Frequently Asked Questions
What is specific heat and why is it important in thermodynamics?
Specific heat is the amount of heat required to raise the temperature of a unit mass of a substance by one degree Celsius. It is important in thermodynamics because it helps predict how substances will react to heat energy, which is crucial in various applications including heating, cooling, and material selection.
How do you calculate the heat absorbed by a substance using specific heat?

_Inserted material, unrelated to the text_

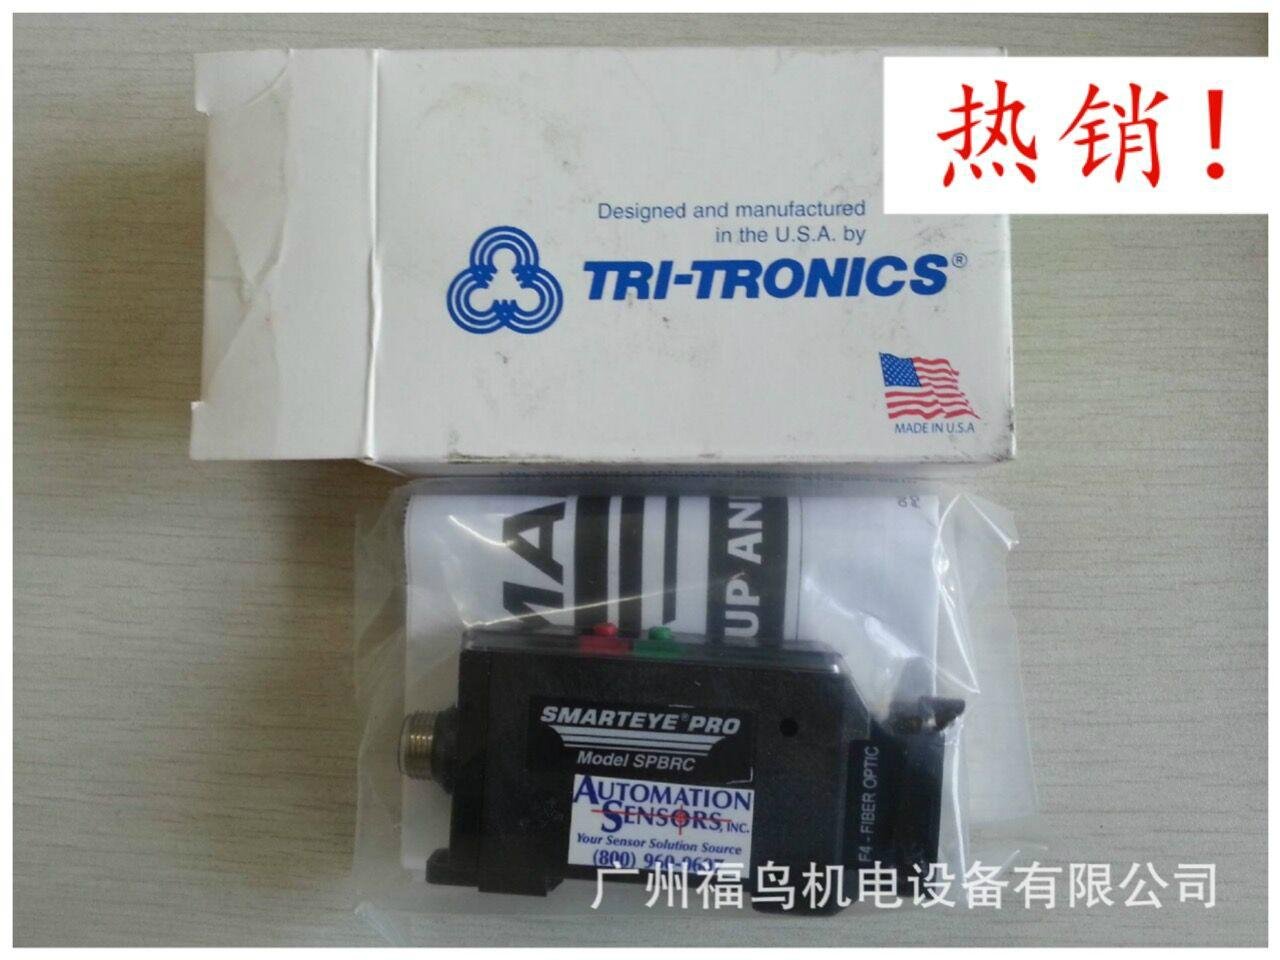 TRI-TRONICS傳感器, 型號: SPBRCF4

The heat absorbed can be calculated using the formula Q = mcΔT, where Q is the heat absorbed, m is the mass of the substance, c is the specific heat capacity, and ΔT is the change in temperature.
If 200 grams of water is heated from 25°C to 75°C, how much heat is absorbed?

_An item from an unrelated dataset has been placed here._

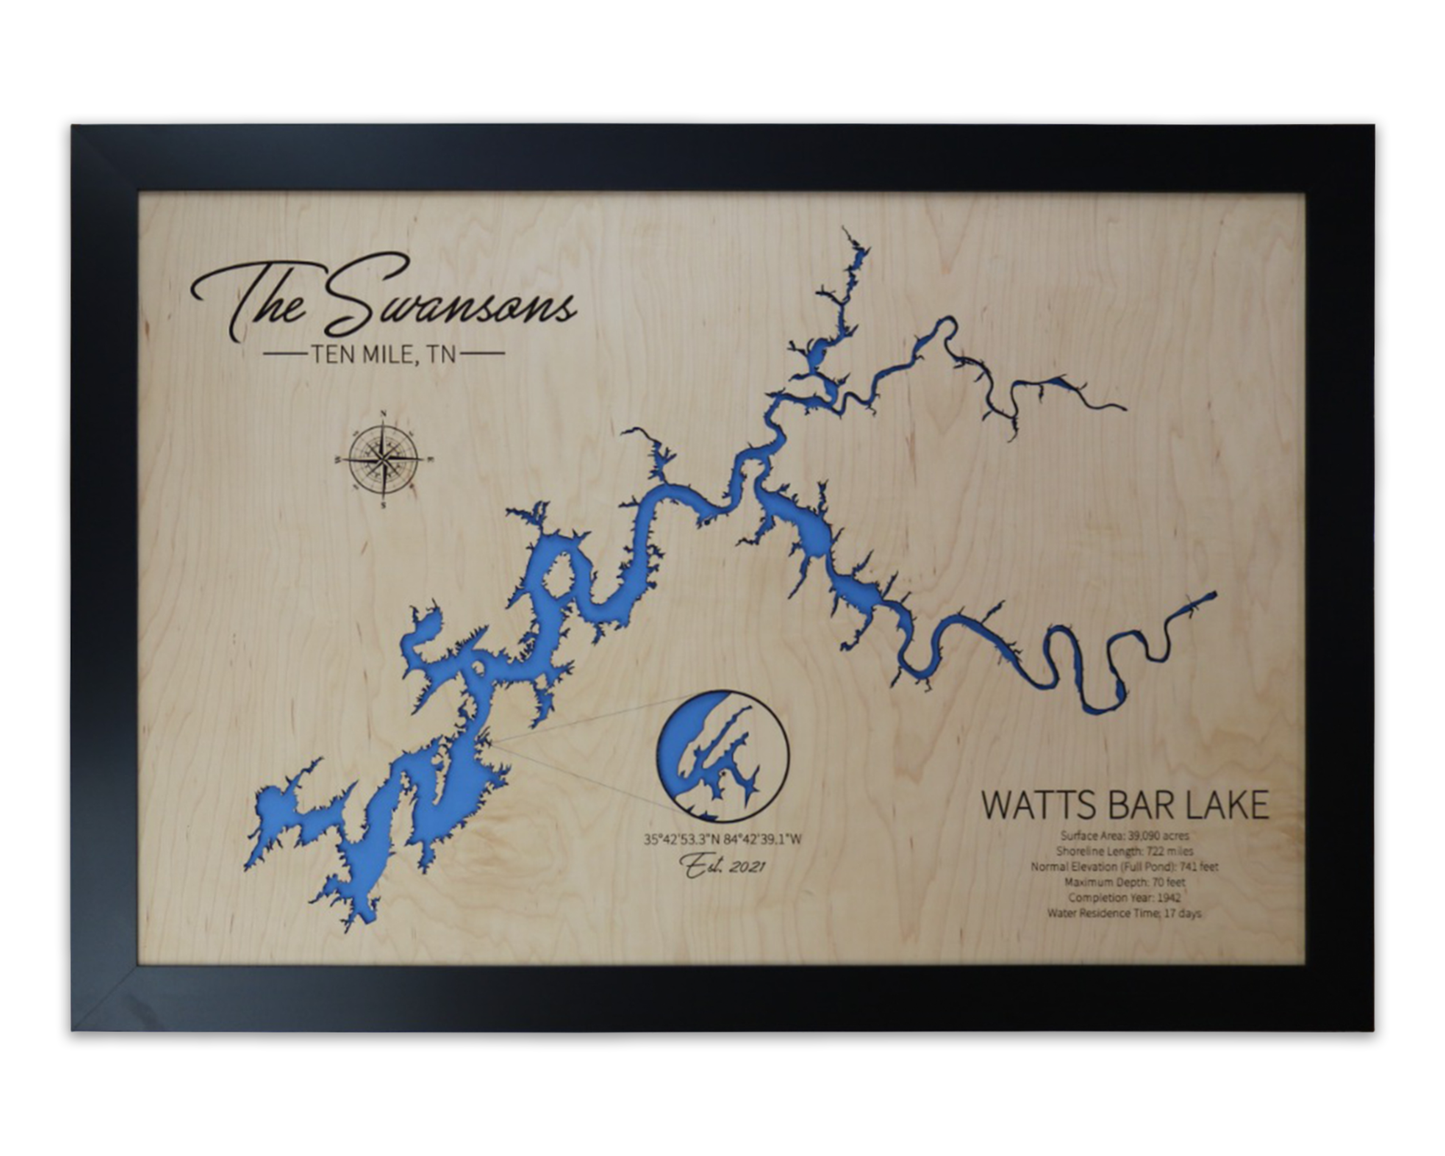 Watts Bar Lake, Tennessee - Notting Hill Designs - Custom Wood Maps

Using the specific heat of water (4.18 J/g°C), the heat absorbed can be calculated as Q = mcΔT = 200 g 4.18 J/g°C (75°C - 25°C) = 41800 J or 41.8 kJ.
What factors affect the specific heat of a substance?

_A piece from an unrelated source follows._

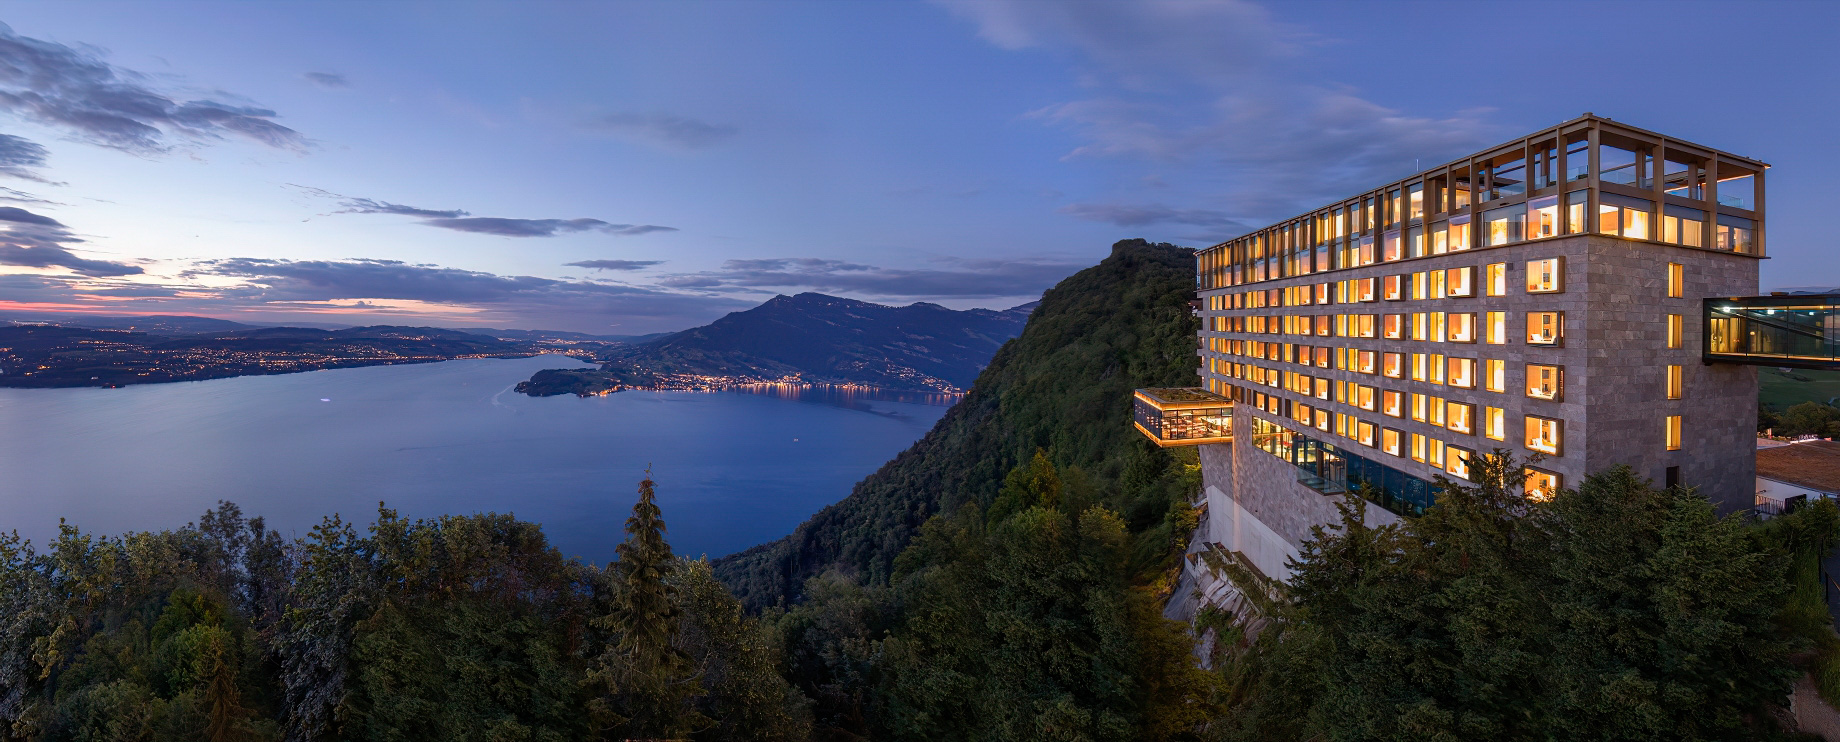 Burgenstock Hotel & Alpine Spa – Obburgen, Switzerland – Buergenstock Hotel Exterior Night

Factors that affect specific heat include the phase of the substance (solid, liquid, gas), temperature, and the molecular structure or composition of the material.
How can you determine the specific heat of an unknown metal using a calorimeter?
To determine the specific heat of an unknown metal, you can heat the metal to a known temperature, place it in a calorimeter with water at a known temperature, and measure the final equilibrium temperature. Using the principle of conservation of energy, you can solve for the specific heat of the metal.
What is the specific heat of aluminum, and how can it be used in practice problems?
The specific heat of aluminum is approximately 0.897 J/g°C. In practice problems, it can be used to calculate the heat transfer when aluminum is heated or cooled, such as in manufacturing processes or thermal management applications.
How does specific heat affect the heating time of different materials?
Materials with a low specific heat will heat up and cool down more quickly than those with a high specific heat. This is important in applications like cooking, where different materials require different heating times to achieve the desired temperature.
Can specific heat be different for the same substance at different temperatures?
Yes, specific heat can vary with temperature due to changes in the physical state or molecular interactions of the substance. In practice problems, it is important to use the specific heat value that corresponds to the temperature range of interest.